ECONOMY
Coronavirus now expected to lead to 8% drop in GDP in Q2 and 3.1% in 2020 overall
Despite a strong end to 2019, the Hungarian economy is inevitably being heavily affected by the virus containment measures. The economy is expected to experience recession this year, although a rebound is anticipated in activity once social distancing measures are relaxed. As of 21 April 2020, Oxford Economics forecasted that GDP will fall 3.1% this year, after a growth of 4.9% in 2019, and before recovering to grow by 7.5% in 2021 and 3.3% in 2022. The GKI business sentiment index fell by an extreme extent in April, yet, the business expectations during the global economic crisis were more pessimistic.
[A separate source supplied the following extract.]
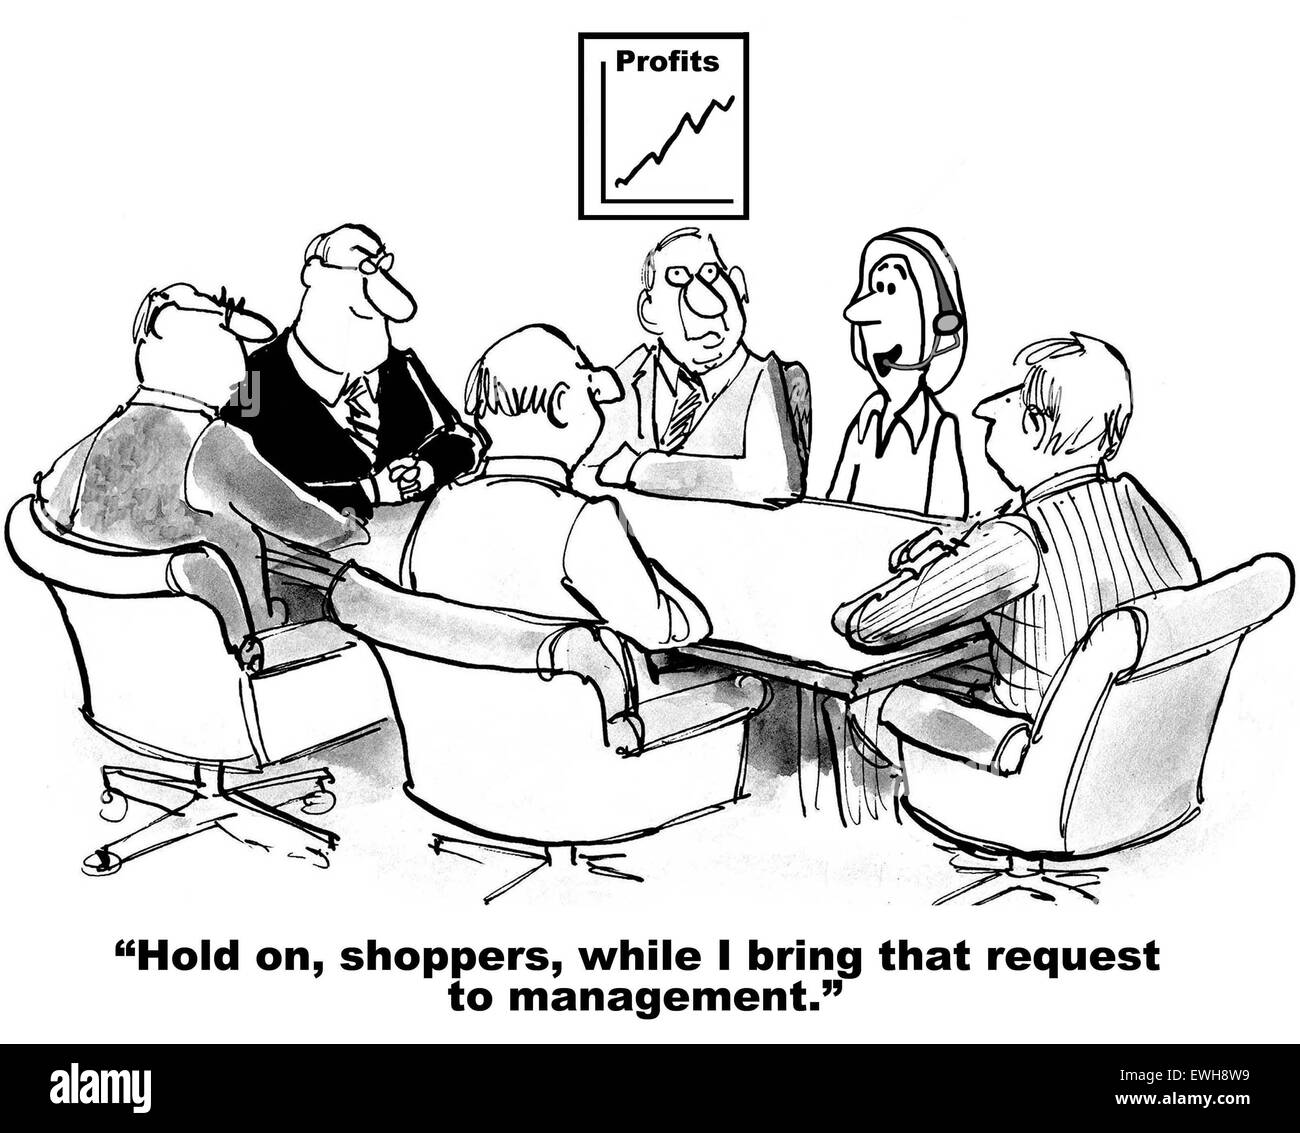 Geschäft Cartoon Frau sagte: "hold on, Shopper, während ich diesen Antrag an das Management zu bringen". Stockfoto

In spite of that, investment market remained strong in Q1, in fact produced the highest office investment volume since 2017. Likewise previous quarters’ investment activity, several schemes were acquired in Budapest with the domestic buyers being the most active.
SUPPLY AND DEMAND
High supply meets with low current availability
Total demand in the first quarter of 2020 reached 79,660 sq. m showing no decrease year-on-year, with the Central Pest submarket enjoying the highest share of take-up. Leasing activities were dominated by renewals having a share by 36% from the total demand. Net take-up amounted to 46,140 sq. m and was driven by new lease transactions. Pre-leases amounted to 10,940 sq. m and owner-occupation added up to 5,120 sq. m. The office vacancy rate has increased to 6.2%, representing a slight 0.6 pps uptick quarter-on-quarter due to planned relocations only. Net absorption reached 22,780 sq. m.
A total of 45,500 sq. m of new space was delivered in Q1 over two schemes. 2020 will see an improved level of completions with 185,000 sq. m of new supply registered in the pipeline. Ongoing development schemes proceed, no major delays reported yet.
PRICING
Budapest remains Landlord favourable Prime headline rents have increased in most submarkets, with the CBD prime headline rents remained unchanged in Q1 2020. Tenant flexibility (i.e. flexible lease terms, wide incentive packages, etc.) remained limited.